I think the point’s been made pretty clear: Animals seem to develop mechanisms according to their needs. A fish wouldn’t develop wings. A bird wouldn’t develop gills. A herbivore wouldn’t develop sharp teeth. Likewise, a creature which has not been endowed with any hand-like apparatus to elaborate objects in their environment wouldn’t develop a large brain.
Take a dolphin and give her a brain a hundredfold more powerful than a human one. Would that enable her to do anything different than she did before? I suppose not. The only thing that would probably change is that she would die in a matter of a few hours due to not being able to provide for her increased energy needs.
So did the homo brain evolve in parallel with hands. When they first managed to erect a stone pile, they became acquainted with a whole new concept which they named a ‘pile’. Acquiring the ability to hurl a stone, they needed to use some brain force to calculate the trajectory of a projectile. By being able to draw a circle with their finger on the sand, they came to determine the shape’s defining characteristics such as a diameter and a perimeter, and eventually even calculate the relation they have to one another.

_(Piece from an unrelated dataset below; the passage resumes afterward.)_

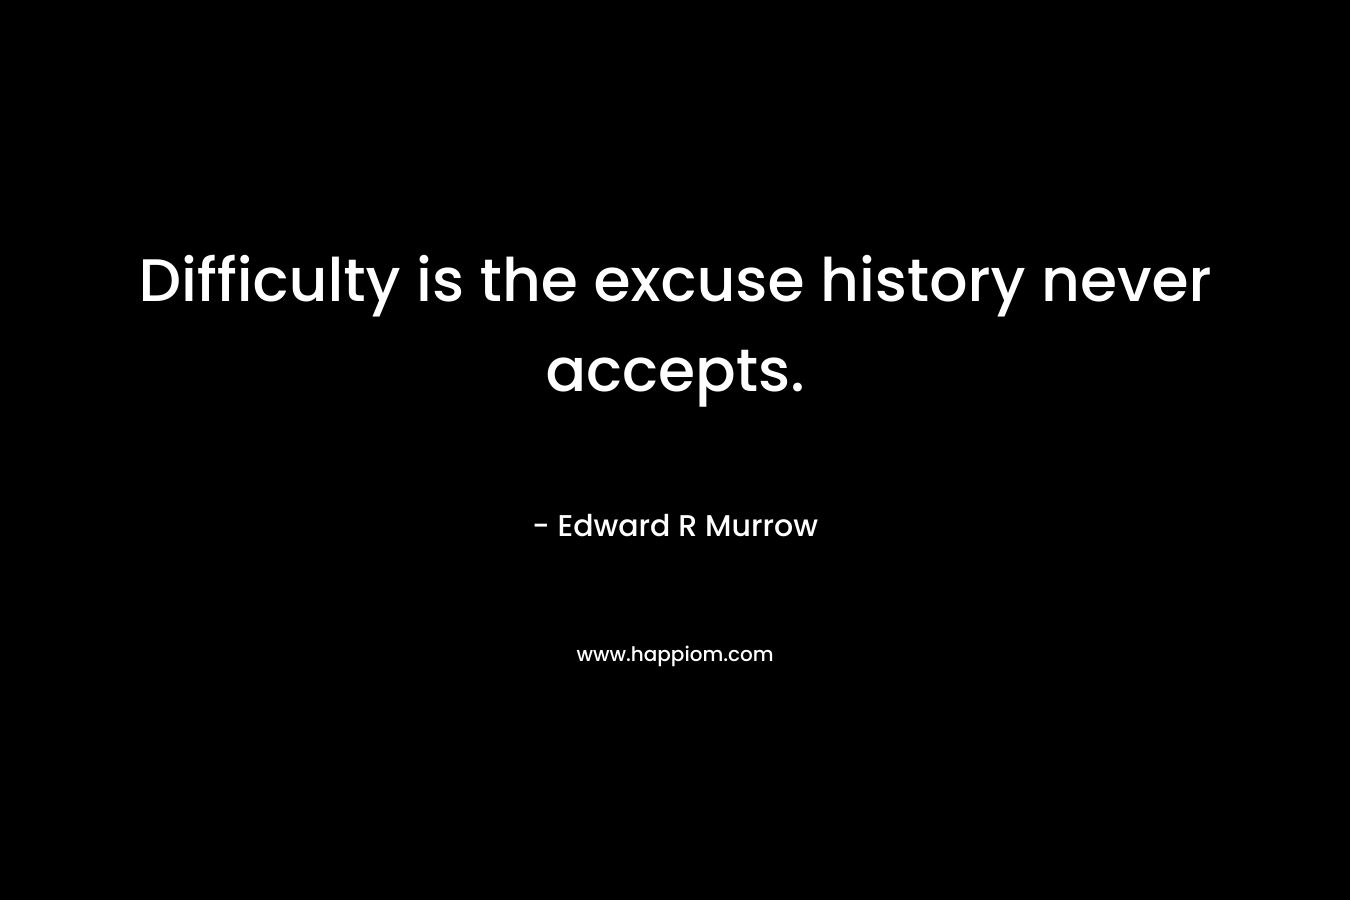 Difficulty is the excuse history never accepts. – Edward R Murrow
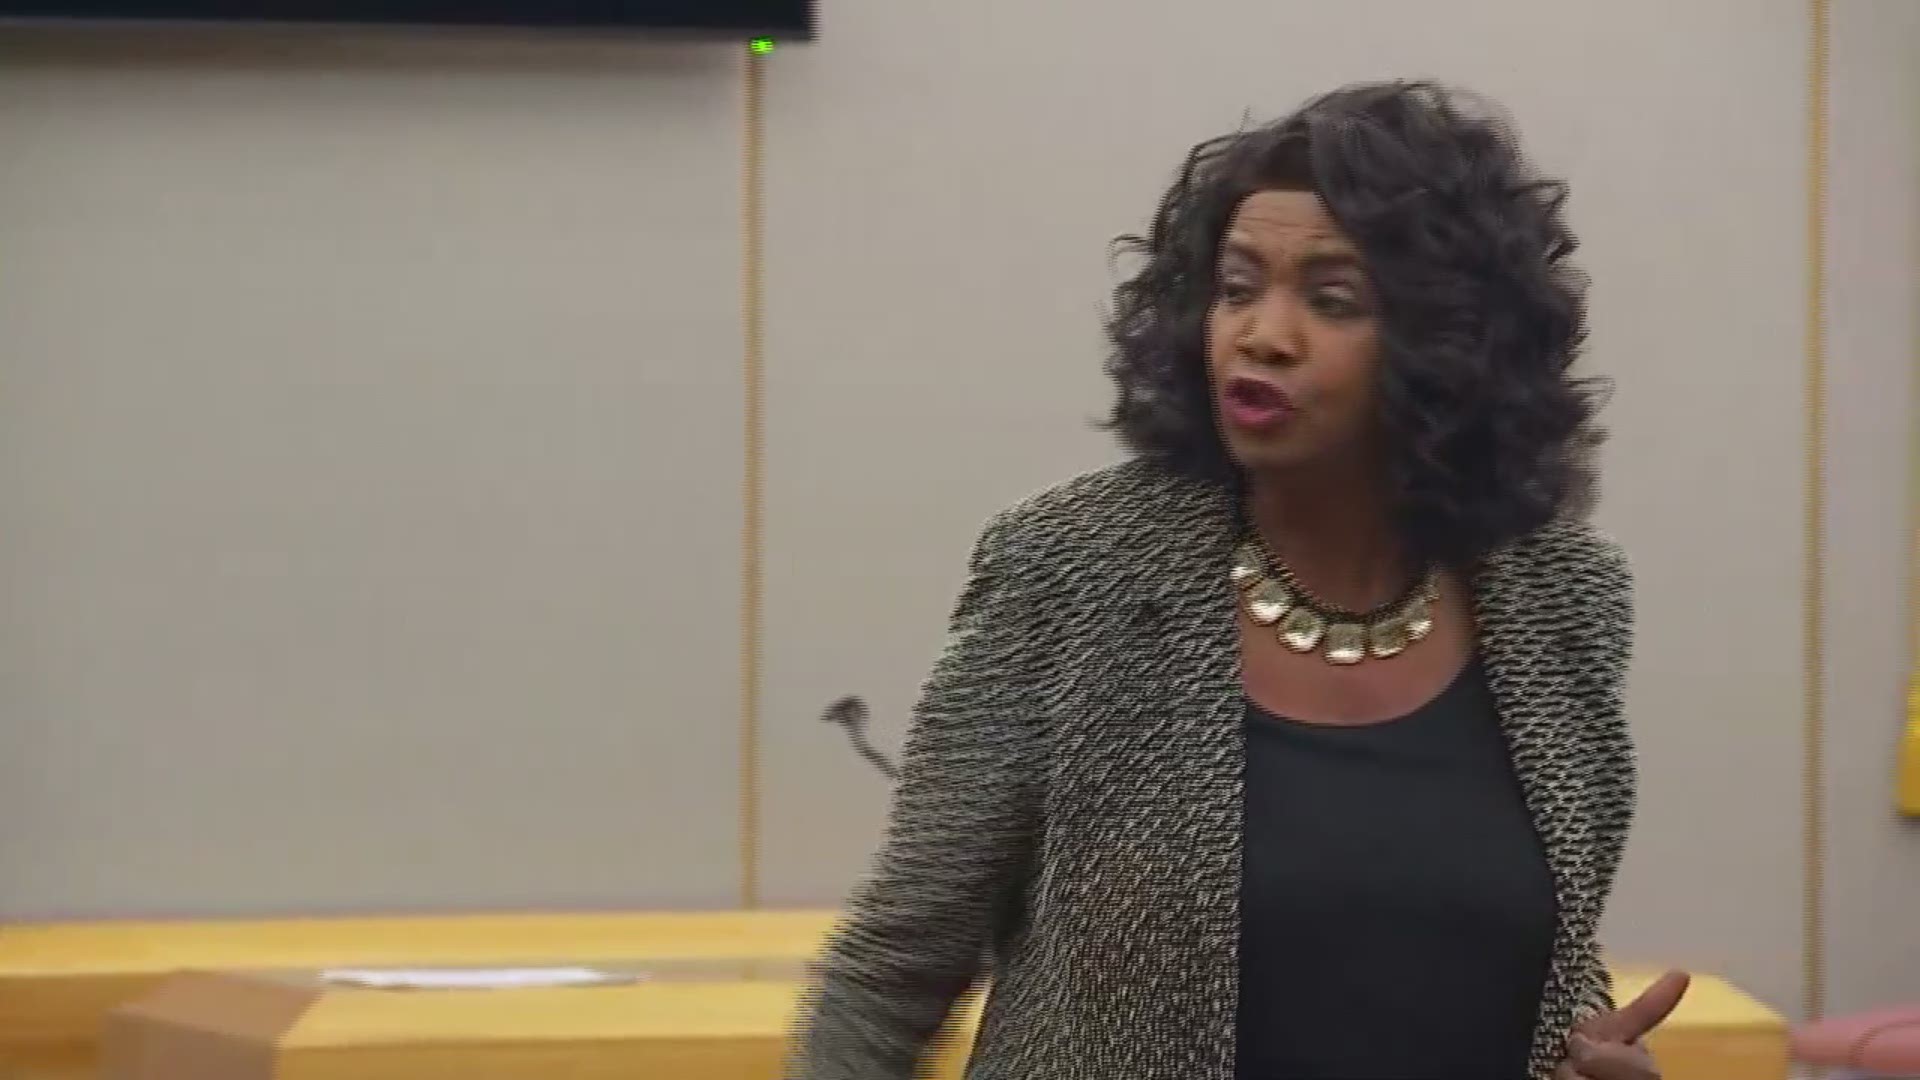 District Attorney Faith Johnson delivered the closing argument Wednesday in the sentencing phase for Roy Oliver, who faces up to life in prison for the murder of Jordan Edwards.

By becoming bestowed with the efficacy to elaborately manipulate things around them, they gained access to a vast new supply of data previously concealed from life. They were in an urgent need of a powerful hardware appliance to run the appropriate pieces of software needed to deal with this new torrential data stream, such as mathematics to process the information, memory to store it for future reference, and language to outsource it among them and take better advantage of it.
We also see the same process repeating itself today, but on a much larger scale this time. When humans collected a sufficient amount of information from their environment to unlock the mysteries of energy and take advantage of it, they naturally set forth to create stronger and apter, artificial, external devices – or extensions of their hands – which enabled them to manipulate their environment in ways and scales unimaginable theretofore. This industrial revolution gave rise to a new need to process vastly greater amounts of information. Traditional, genetical evolution could not do the trick this time. Just like they created external, artificial hands, now they had to create external, artificial brains to deal with the data generated.